Atahualpa.—Sí. Te has portado conmigo como un verdadero canalla, pero los dioses tenéis a veces comportamientos que nosotros, los humanos, no podemos entender.

Pizarro.—Pues no soy ningún dios autóctono, ¿te enteras?

Atahualpa.—Si tú lo dices... pero yo sigo creyéndolo.

Pizarro.—¿Tú me has mirado? ¿Has visto mis ropas? No son de oro y plata, precisamente, sino de tela basta, que me raspa. Y en el lugar de donde yo provengo hay mucha gente con barba.

Atahualpa.—¿Y de dónde me dijiste que venías?

Pizarro.—De Extremadura.

Atahualpa.—Como muchos otros de los tuyos. Debe de ser un lugar muy feo, cuando tantos diablos blancos de allí se vienen para acá.

Pizarro.—No es feo. Solo muy incómodo.

Atahualpa.—Bueno. Y cambiando de tema: me gustaría pedirte que hicieras que tus hombres barriesen un poco este aposento. Está hecho una cochambre.

Pizarro.—¿Pero no te enteras de que esto es una cárcel para ti hasta que tus súbditos me pague tu rescate? ¿Cuándo has visto tú que se barran las cárceles?

Atahualpa.—Nosotros lo hacemos siempre. Tus gentes son bastante cochinas, Viracocha.

Pizarro.—¡Que no me llames Viracocha, te repito!

Atahualpa.—¡Está bien, está bien!
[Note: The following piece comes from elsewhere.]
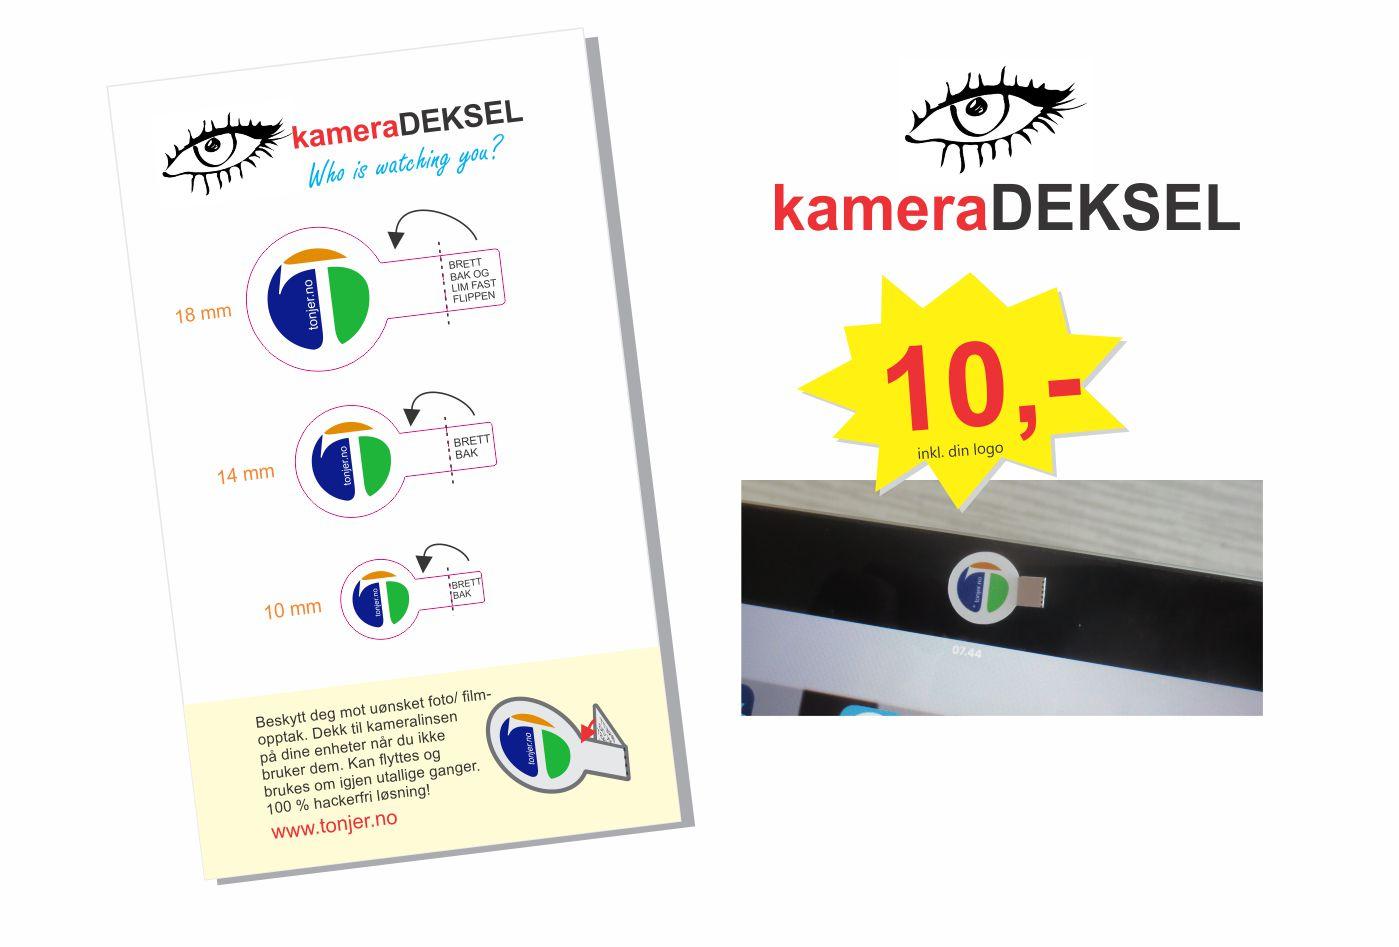 webcam-cover-1400pxl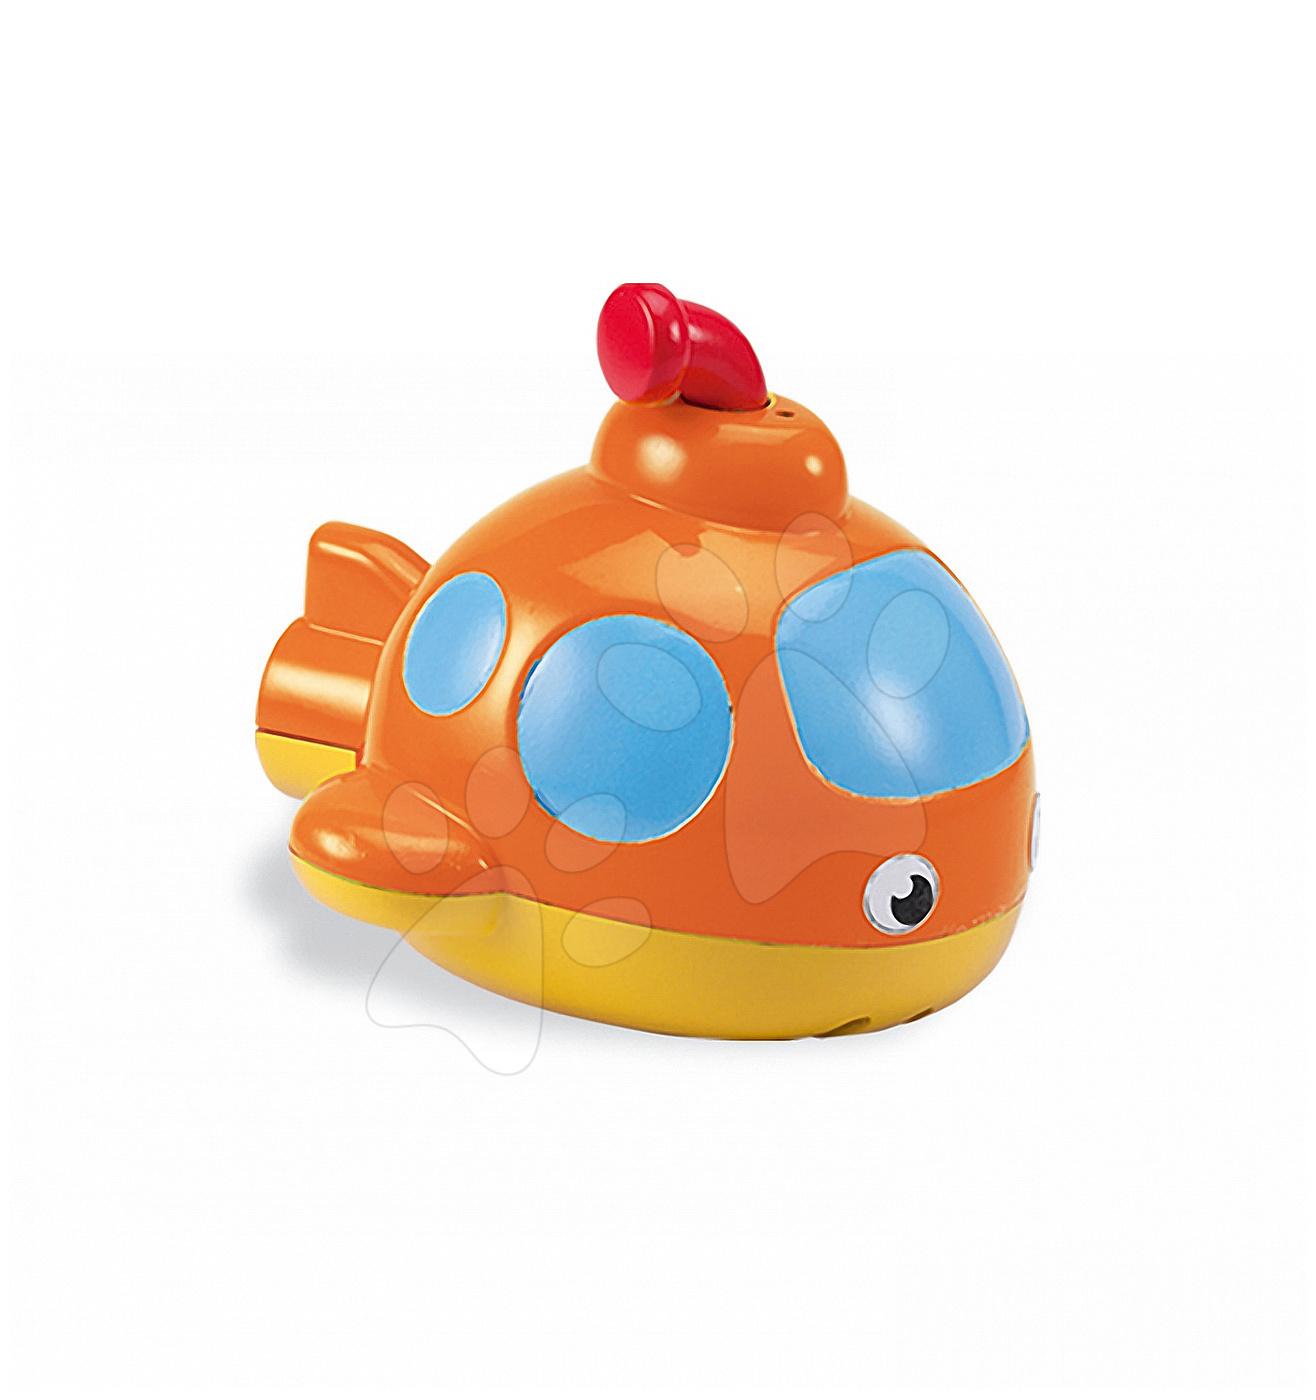 Podmornica za igraje Vroom Planet Smoby dolžina 8,5 cm od 12 mes

Si no quieres tener un origen mitológico, ¡allá tú! No hace falta que grites. Eres un hombre muy impaciente.

Pizarro.—Sí. Soy de natural nervioso, lo reconozco. Es mi carácter. No me puedo estar quieto en ningún sitio y siempre tengo que estar haciendo algo.

Atahualpa.—¿Y qué estás haciendo ahora, concretamente?

Pizarro.—Pues venir a informarte de que ha llegado el oro que faltaba.

Atahualpa.—¿Ya está aquí?

Pizarro.—Sí.

Atahualpa.—¿Entonces me dejarás en libertad?

Pizarro.—Bueno...

Atahualpa.—Me prometiste, creo recordar, que si llenaba esta habitación dos veces, una con oro y otra con plata, me dejarías ir. Mis abnegados súbditos llevan ya tres meses acarreando los metales preciosos por toneladas.

Pizarro.—Ellos no acarrean nada: lo hacen las llamas.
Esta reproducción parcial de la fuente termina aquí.